[[ Dataset extract open ]]

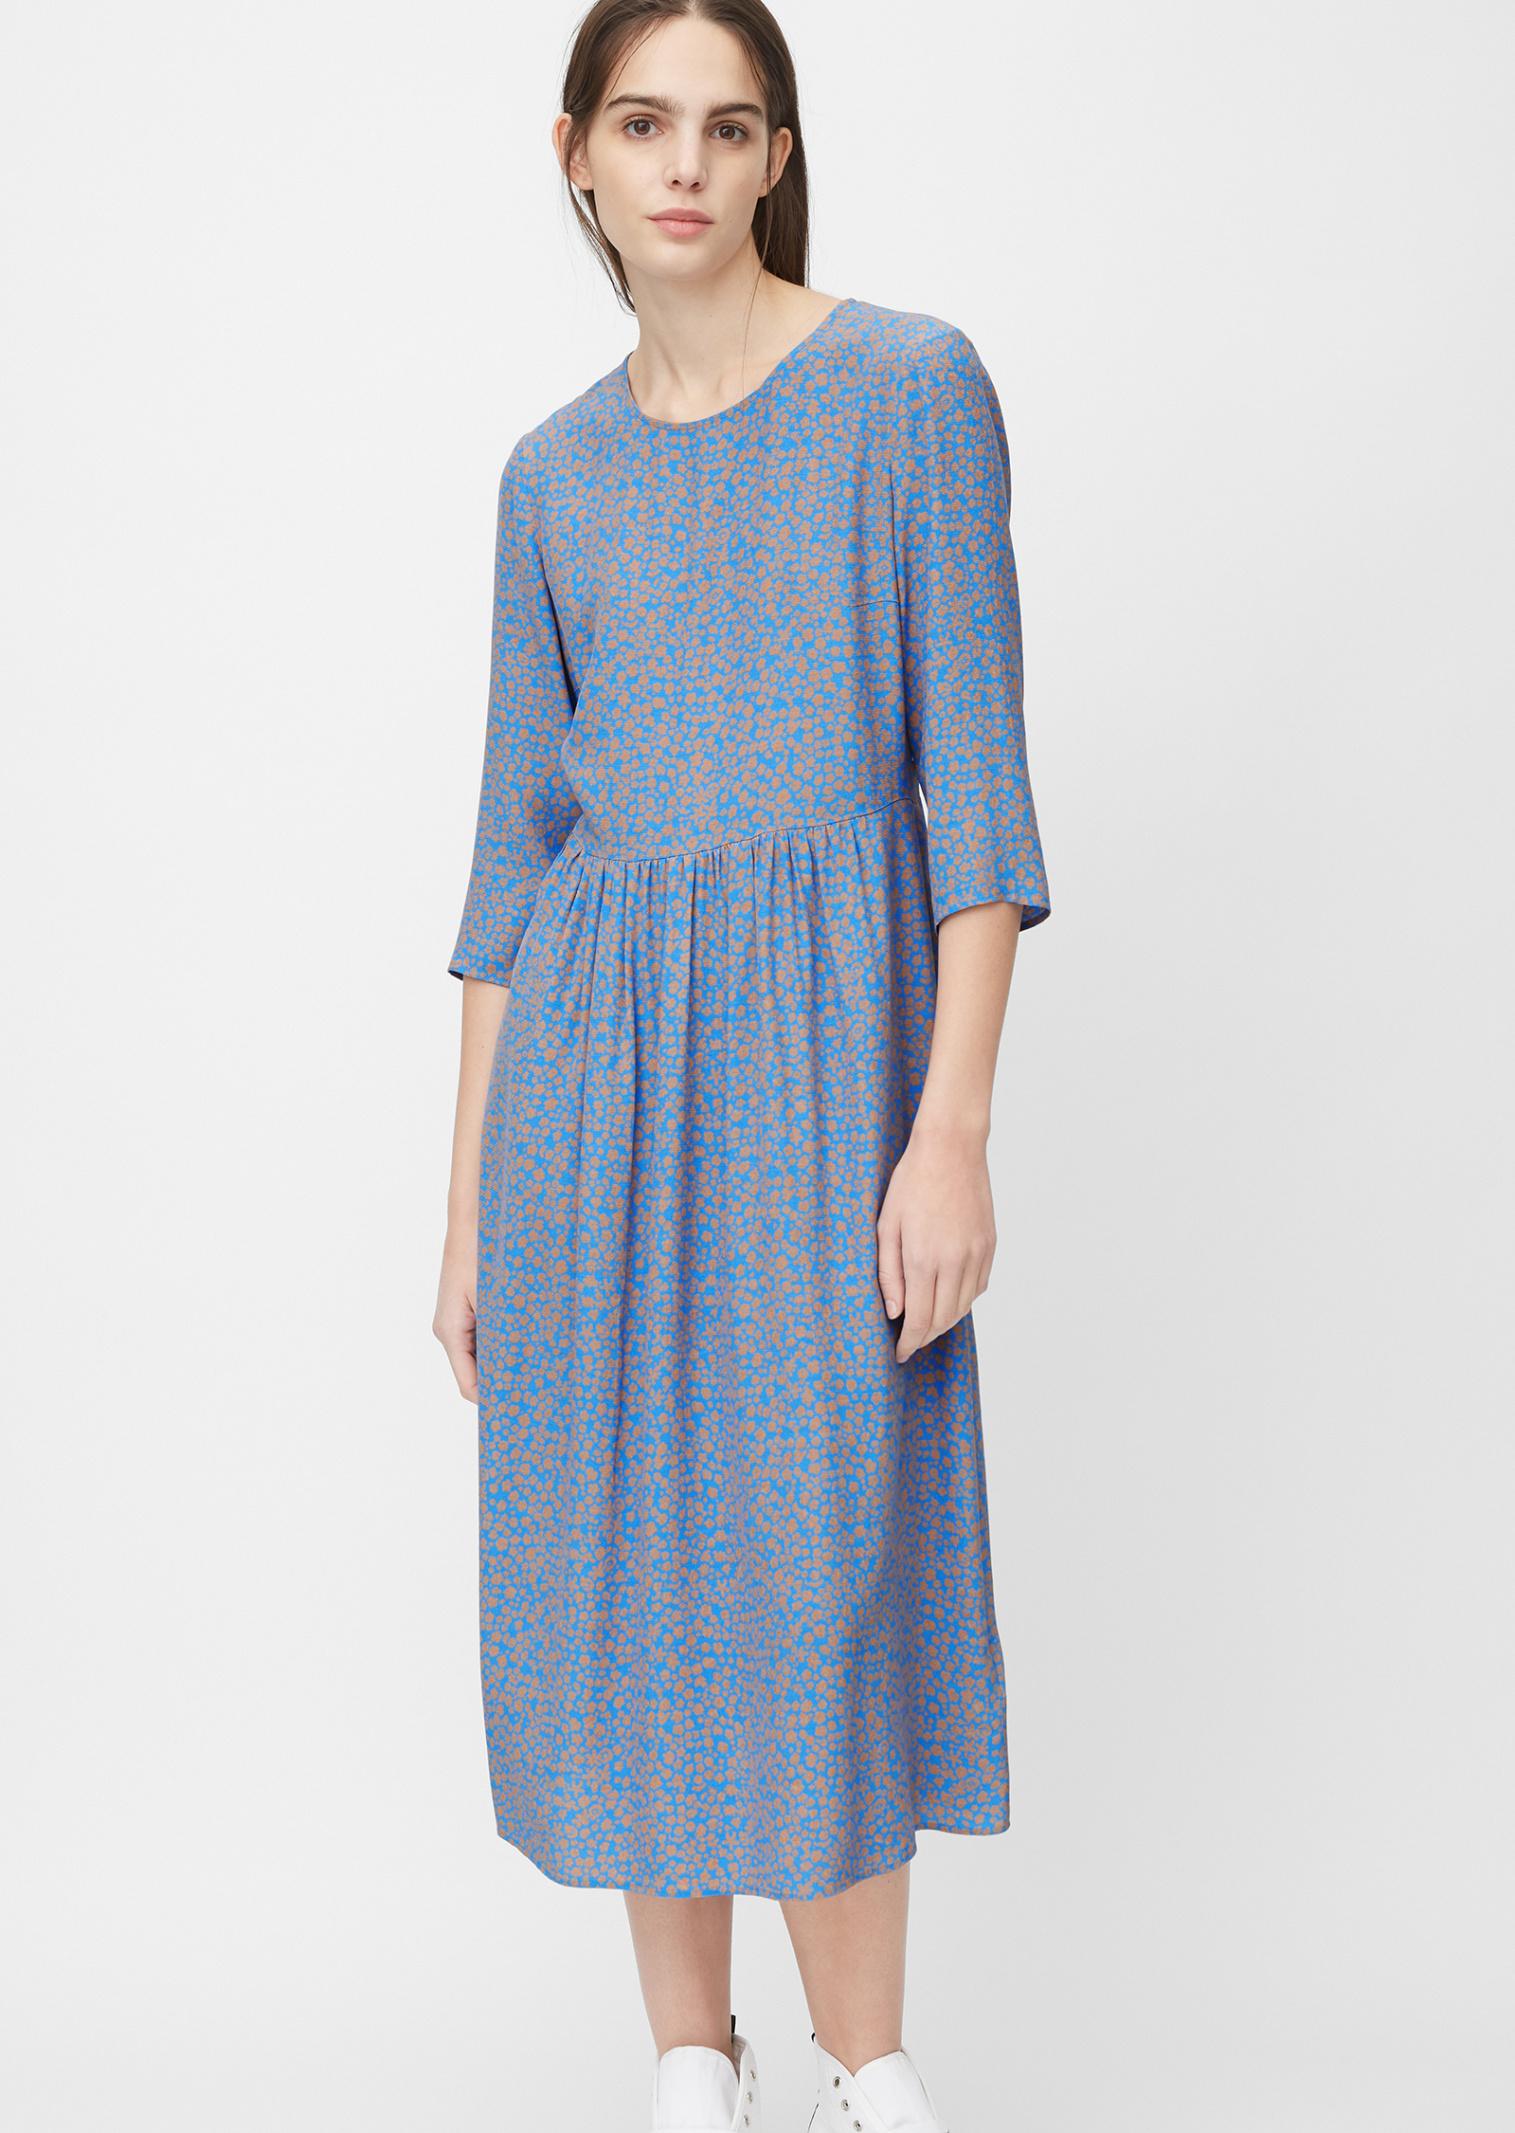 MARC O'POLO DENIM Сукня жіночі модель 042113821135-S65 , 2017
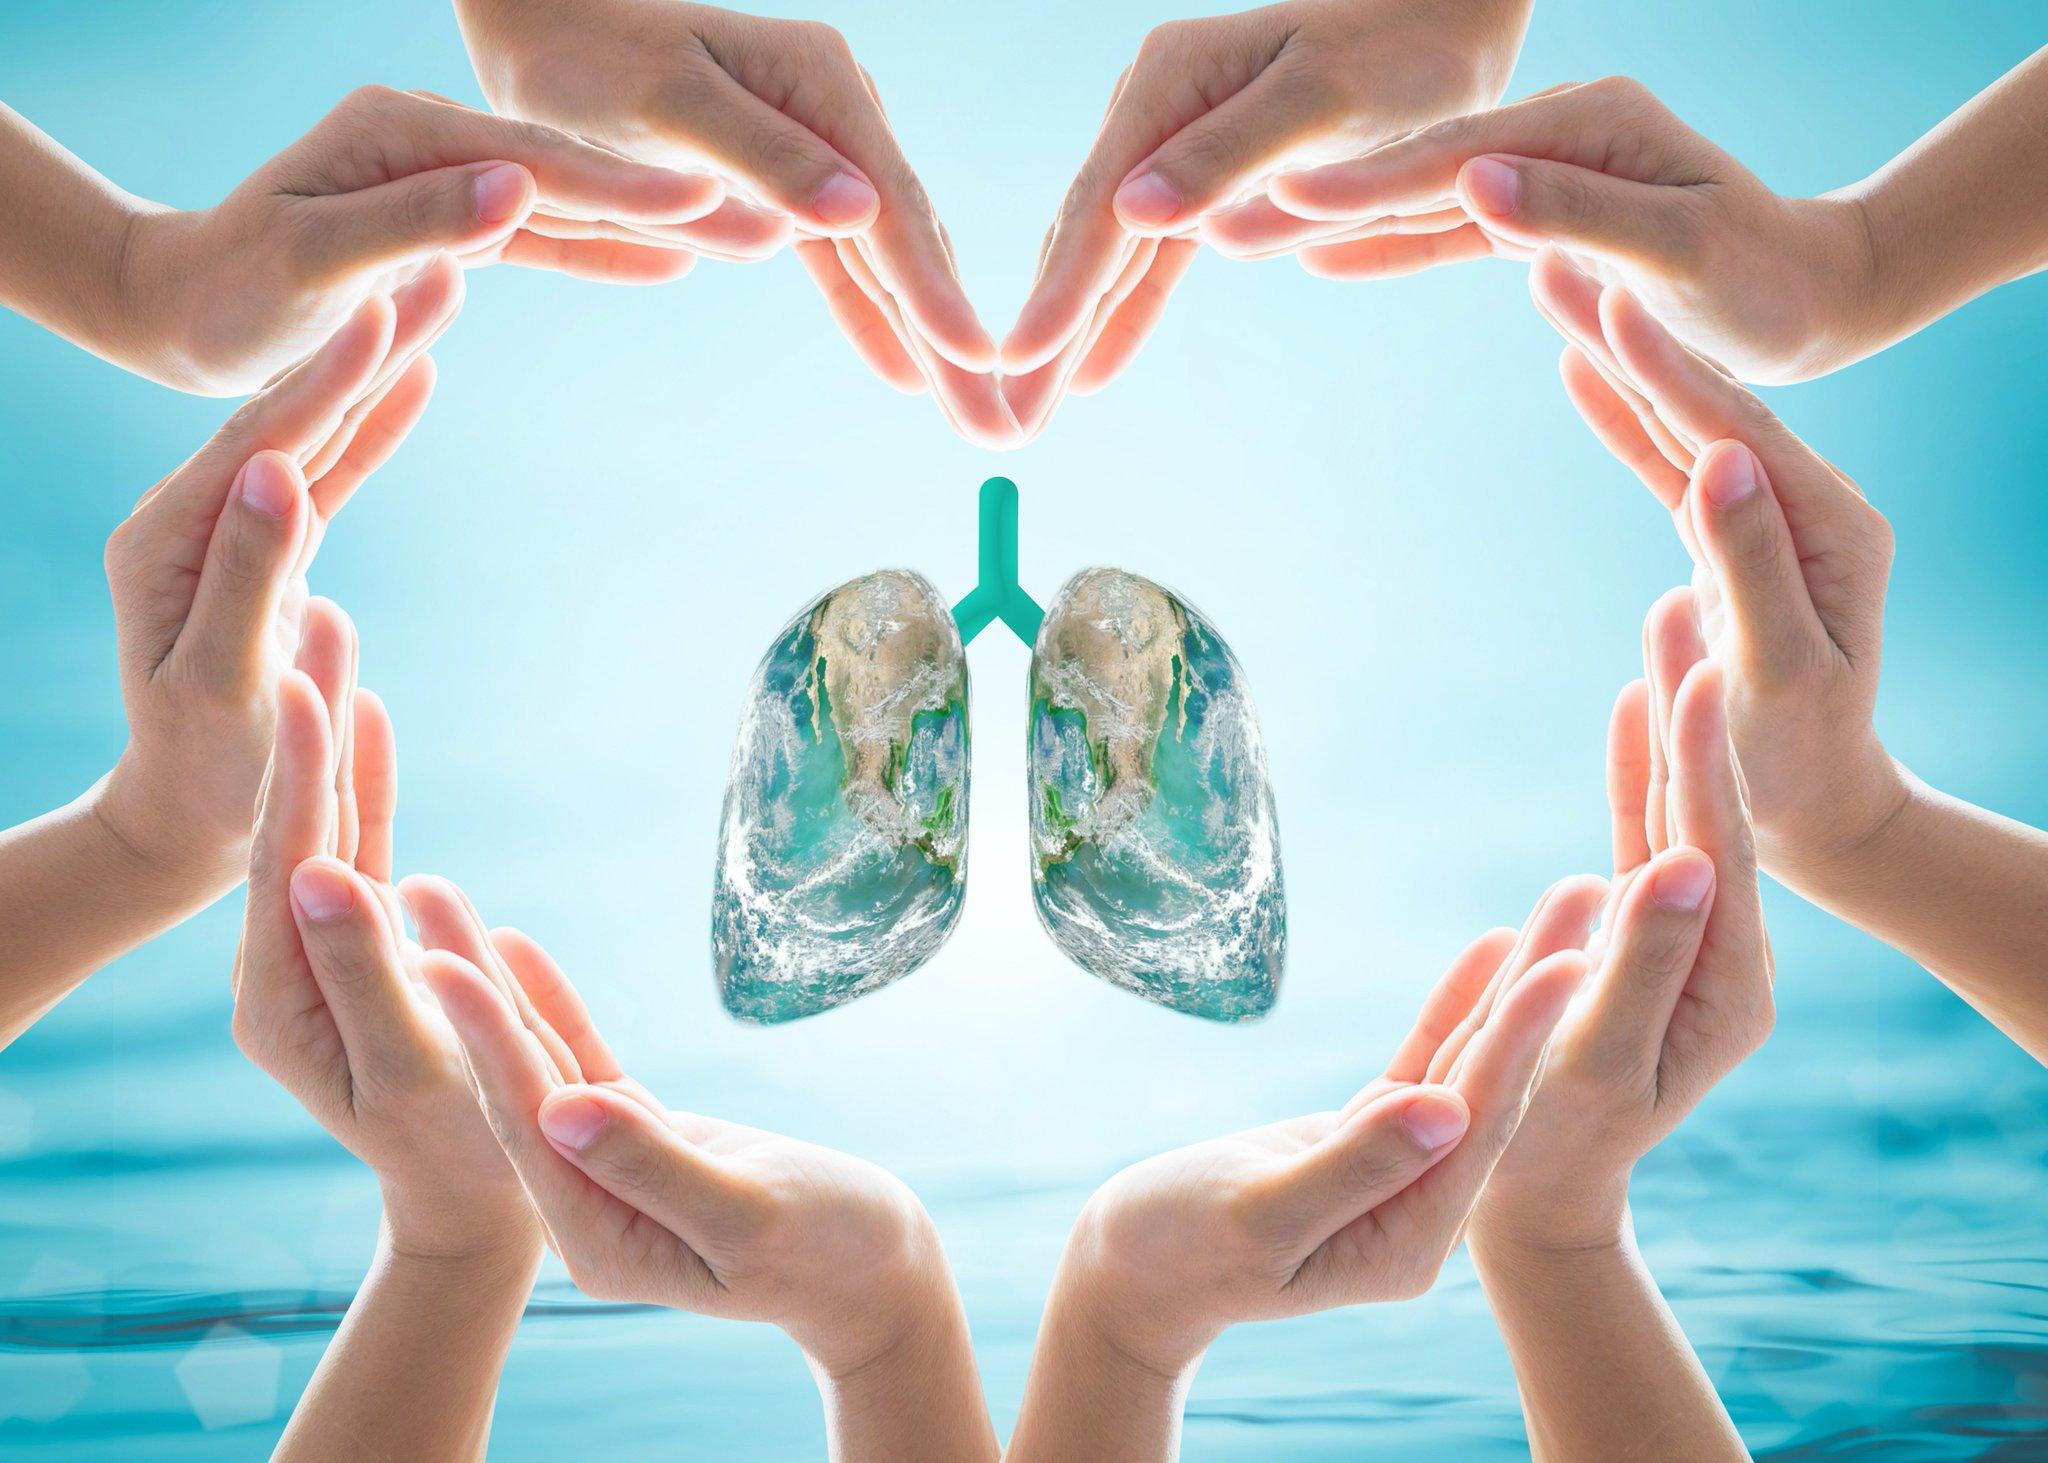 Ziua Mondială a Pneumoniei – 12 noiembrie 2020
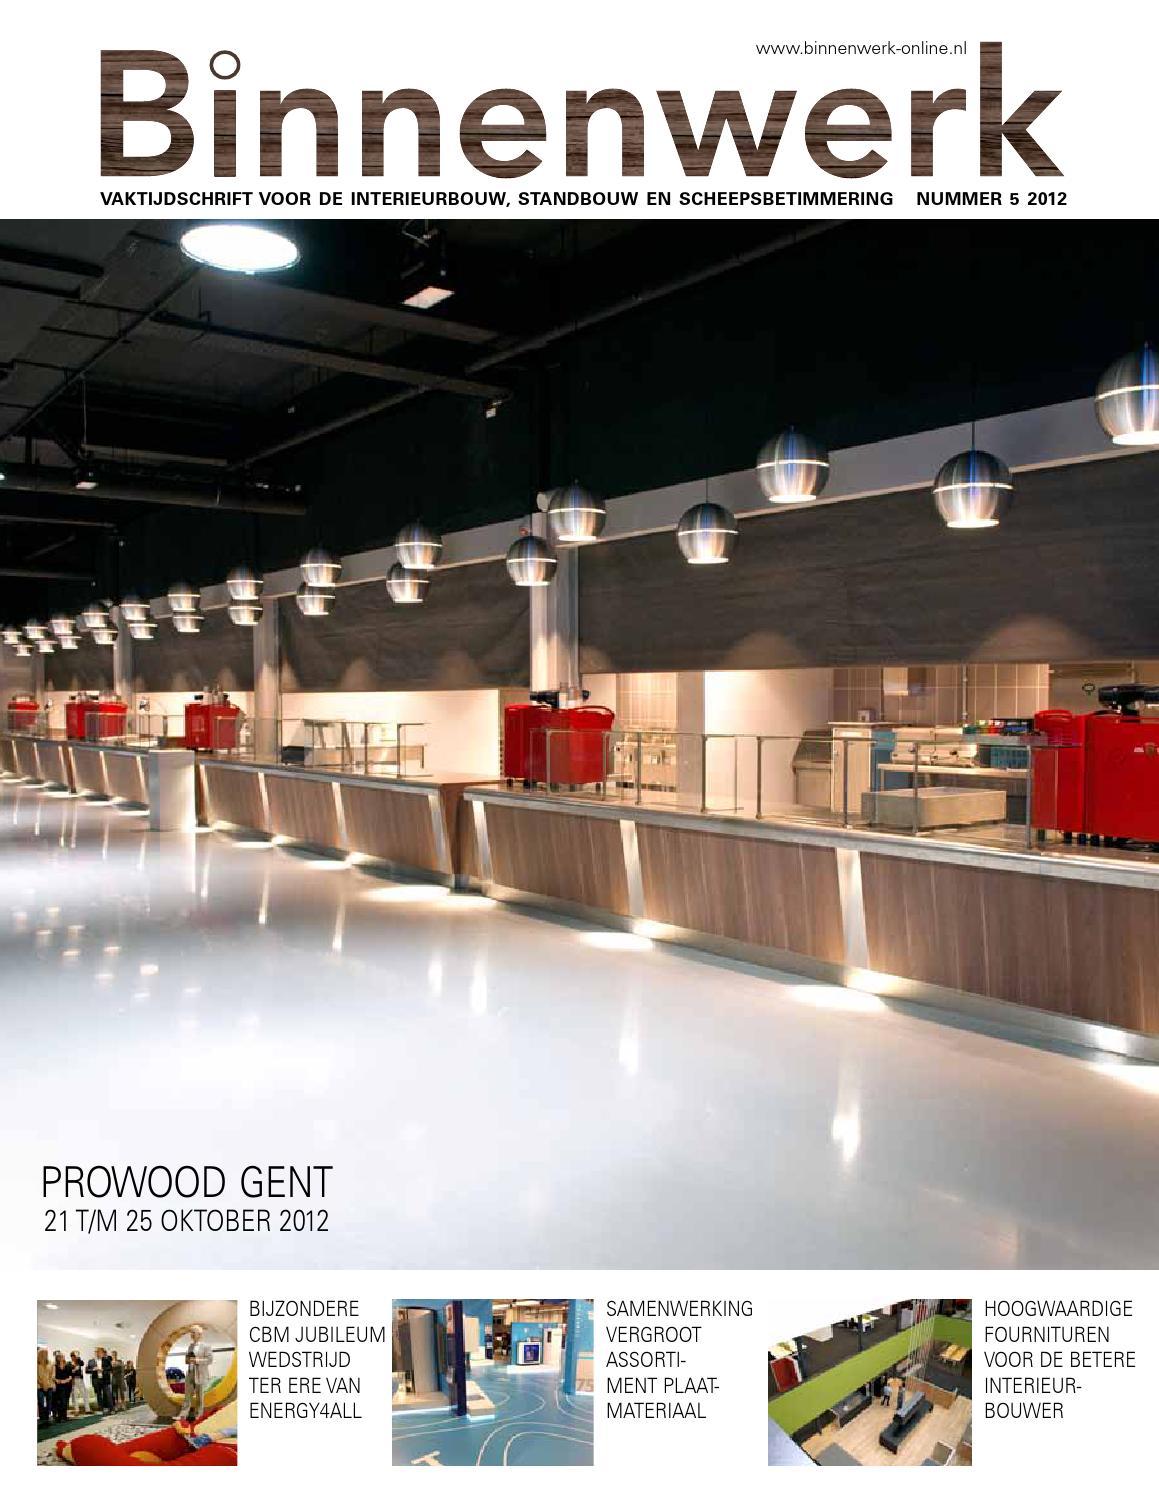 Binnenwerk jaarboek by louwers uitgeversorganisatie bv   issuu

[[ Dataset extract closed ]]

• _Required work_:
Your copy should run from the line that has "Ziua Mondială a" through the last line above, exactly, with both ends in and pictures out.

• _Solution below_:
 Ziua Mondială a Pneumoniei – 12 noiembrie 2020
 Binnenwerk jaarboek by louwers uitgeversorganisatie bv   issuu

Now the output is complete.